Pero lo que en Picasso es consciente ruptura de la sintaxis visual, en Bacon se transforma en expresión de una psique contradictoria y atormentada. A lo largo de su vida, Bacon fue elaborando una cuidada construcción de sí mismo como artista y como persona. No sólo a través de sus cuadros sino en las conversaciones que mantenía con críticos e historiadores y que él sabía que estaban destinadas a ser publicadas. Dos son las obsesiones que marcan ese proceso: la huida de lo "narrativo" en su pintura, y la relación entre éstos y su vida privada, a pesar de lo evidente que ésta resulta. De entre lo "manifestado" podemos destacar, pues es el eje de la exposición, la admiración que tiene Bacon por la pintura clásica española, tanto en lo formal como en su trasfondo ideológico. No podemos olvidar que el Barroco del sur de Europa es todo un programa visual en respuesta al cisma luterano. Sobre lo "no manifestado", al menos verbalmente, sólo podemos hacer conjeturas. Bacon era alguien tan impoluto en su presencia como atormentado en su interior. Su vida sentimental fue compleja, y vivida con una intensidad fuera de lo común; marcada por su homosexualidad, motivo por el que su padre lo expulsó de casa muy joven, y el hecho de que dicha condición sexual fuera considerada entonces un delito.

Gran parte de estas cuestiones, planteadas no desde lo autobiográfico sino desde la misma condición humana, forman los temas de su obra y explican ese interés, entre otras cuestiones, por la pintura española. Tanto sus crucifixiones como las distintas variaciones del retrato del Papa Inocencio X de Velázquez. Lo que le interesa no es el clasicismo, la luz o la forma, sino cuestiones mucho más vagas y abstractas, como el poder, la soledad, la violencia y el cuerpo entendido como continente del ser humano, pero al mismo tiempo como materia, como carne. Esa idea del cuerpo como carne, como contenedor abierto y destruido hasta reducirse a simple materia, la carne, puede verse en sus distintos Estudios para una crucifixión.

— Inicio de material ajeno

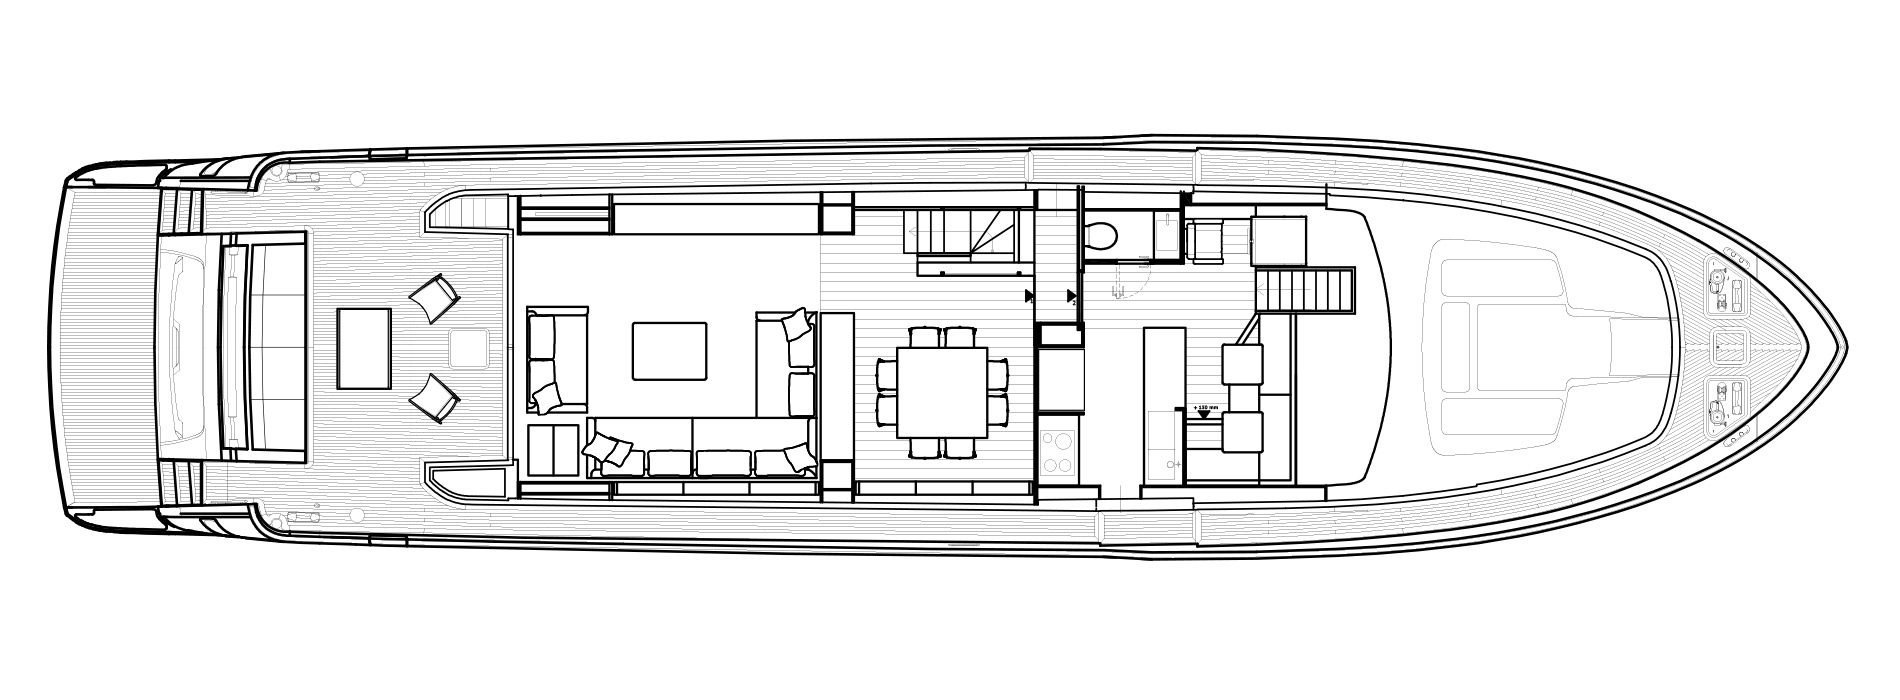 Sanlorenzo Yachts SL86 Main deck Versione USA

Bacon: Estudio según Velázquez, 1950. A la derecha, Velázquez: El bufón, el primo, 1644

No cabe sospecha de que Bacon fuera una persona religiosa, pero la crucifixión, una de las ideas claves de la religión católica, es la descripción visual de una tortura mortal de crueldad extrema. Y es en esa idea de la tortura, la violencia, donde Bacon encuentra una de las cuestiones centrales de su pintura: la abyección. El sentimiento de abyección está ya en esa Furia (1944) que describe un ser de cuerpo informe y una cabeza con boca semihumana, que lanza un alarido inaudible para nosotros. En Tres estudios para una crucifixión (1962), la pieza que se adivina al fondo de las salas al acceder a la exposición, el cuerpo abierto en canal, reducido a la materialidad de la carne, es una constante en los tres lienzos del conjunto. Están, por otra parte, los estudios del cuadro de Velázquez, donde Bacon introduce una de las cuestiones fundamentales de su pintura: la reproducción de imágenes. El trabajar en base a fotografías y no a la percepción del mundo. En sus conversaciones con David Sylvester, Bacon diferencia la función de la pintura y la fotografía. En la pintura clásica, dice, queda siempre un resto religioso. La fotografía, en cambio "no es una figuración de lo que se ve: es el modo en que el hombre moderno ve". El viejo mito del lienzo en blanco sería un error. La pintura moderna estaría asediada por imágenes, clichés, estereotipos visuales. Todo lo que conforma la cultura visual contemporánea.

Bacon se negó a ver el cuadro original de Velázquez y lo reprodujo siempre a partir de fotografías, introduciendo en el rostro del Papa otro que siempre le impresionó: el primer plano del grito de la anciana en la escena de las escaleras de El acorazado Potemkin, de Eisenstein. Tampoco utilizó el posado en ninguno de los retratos que cierran la exposición, hechos siempre a partir de imágenes tomadas de los medios o encargadas a fotógrafos. Las vitrinas que muestran los objetos encontrados en su estudio dan idea de un caos visual y material de recortes de periódico, planchas de contactos, fotos retocadas, que contrasta fuertemente con la pureza de sus cuadros.